Derekh HaNitzotz
- Type: Weekly newspaper
- Publisher: HaNitzotz–Al Sharara
- Ceased publication: February 1988
- Political alignment: Leftist
- Language: Hebrew
- Country: Israel
- Sister newspapers: Tariq Al Sharara

= Derekh HaNitzotz =

Newspaper in Israel

Derekh HaNitzotz (The Way of the Spark) was an Israeli weekly newspaper which was closed by the Israeli authorities in 1988. It was the first Hebrew-language newspaper banned in Israel.

==History and profile==
Derekh HaNitzotz was started by the leftist figures who left the Matzpen movement. It was published by HaNitzotz–Al Sharara company on a weekly basis. The editors of the paper included Israeli Jews, and one of them was a Palestinian. The paper had an Arabic sister newspaper entitled Tariq Al Sharara. It had a leftist political leaning. Le Monde reported that the paper had a circulation of 800 copies and that its Arabic version had a circulation of 3,000 copies.
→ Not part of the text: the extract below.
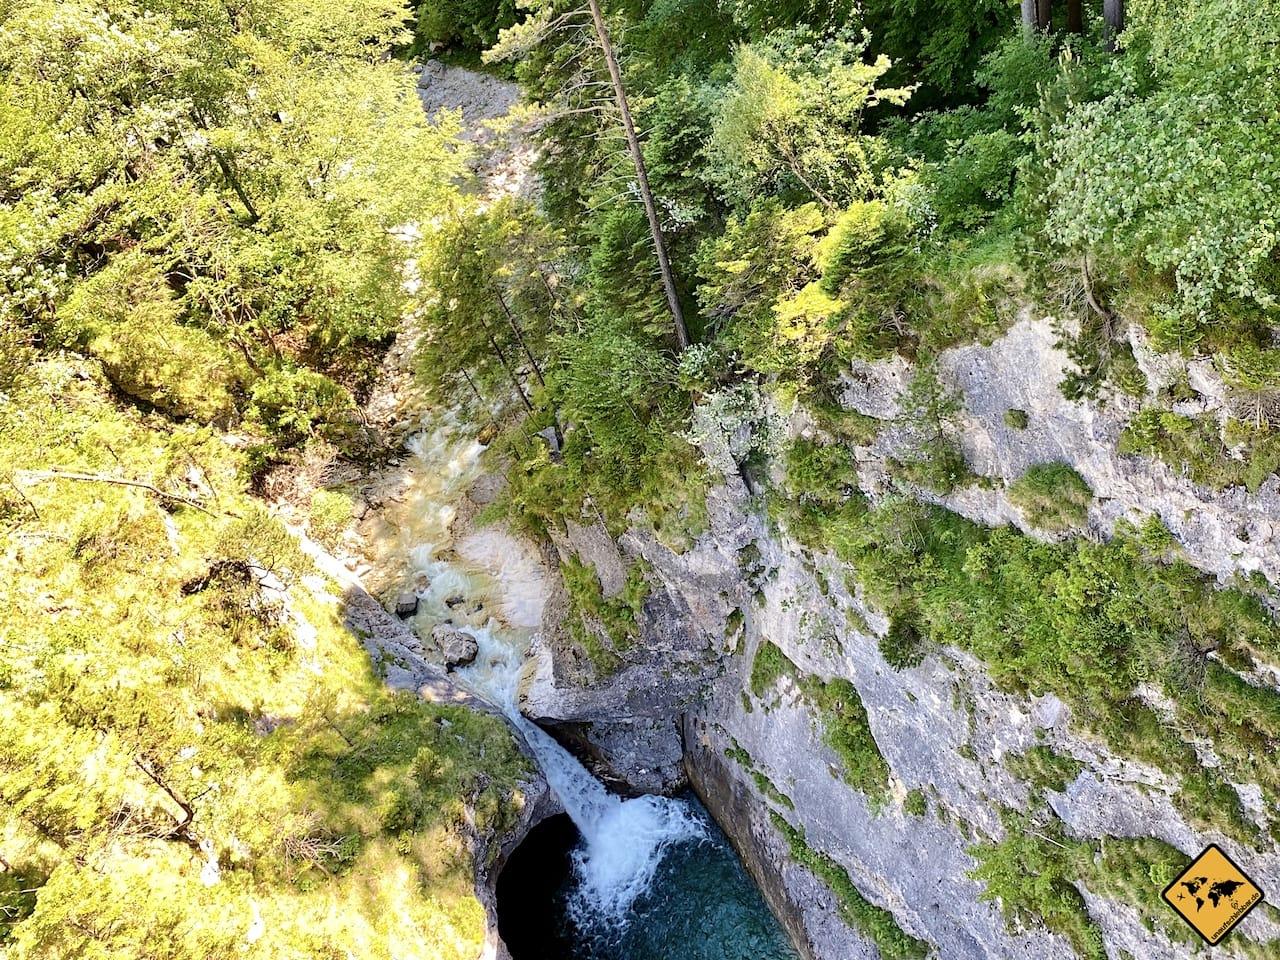 Pöllatwasserfall Sicht Marienbrücke
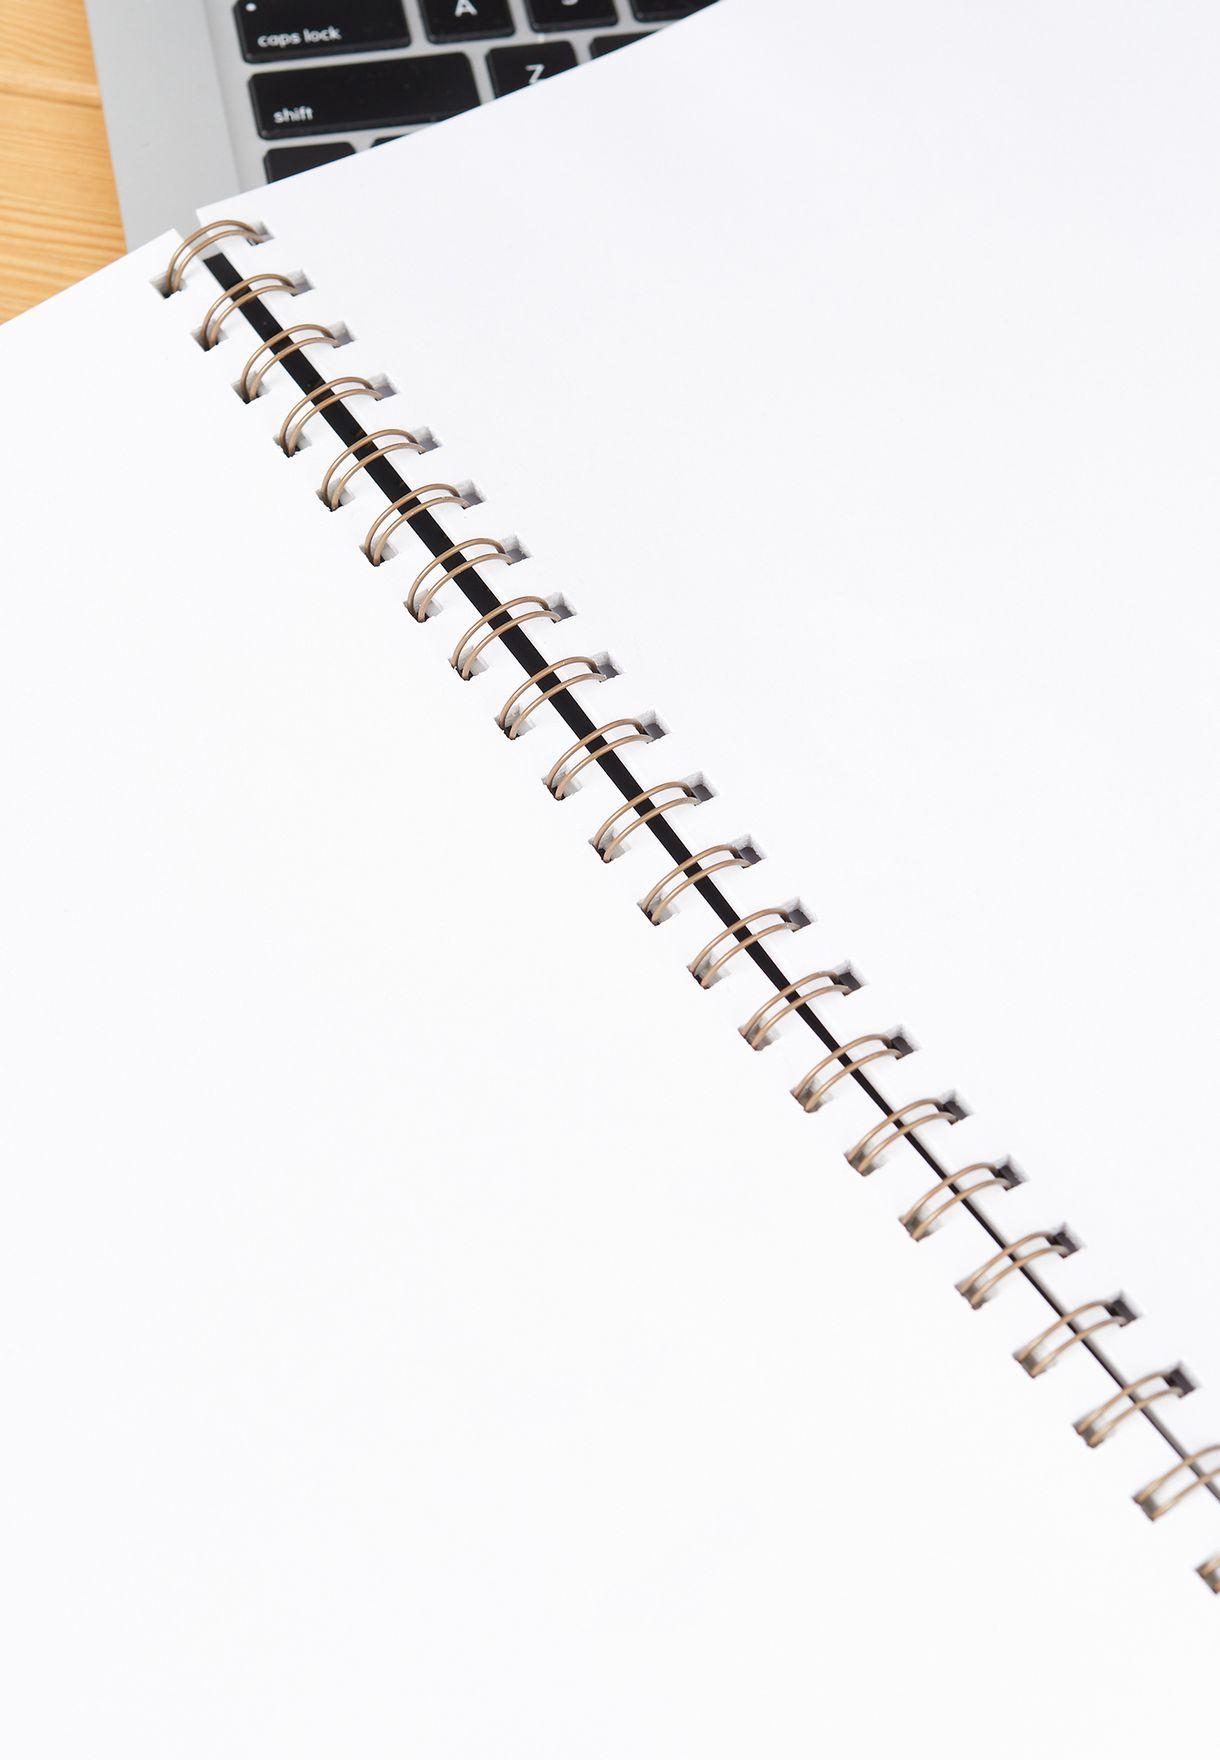 دفتر يوميات A4

Derekh HaNitzotz specialized in investigative reports and news about the events in the Palestinian territories. Roni Ben-Efrat, a journalist for the paper, published an article in March 1987 about a pregnant Palestinian women, Naila Ayesh, who was arrested and tortured denying medical treatment. However, this news was not commonly featured in the Israeli media outlets except for now-defunct Hadashot.

The license of Derekh HaNitzotz was revoked by the Jerusalem District Commissioner in February 1988 due to its alleged connection with the Democratic Front for the Liberation of Palestine. Immediately after its closure several journalists working for Derekh HaNitzotz were arrested and tried. Felicia Langer, a lawyer and human rights activist, headed the legal team defending these journalists. Their trial ended in January 1989, and most of them were sentenced to imprisonment with varying periods. After their release from prison these people left Israel and settled in Germany.

The case of Derekh HaNitzotz was one of the actions which Israel carried against the internal opposition groups during the early period of the First Intifada.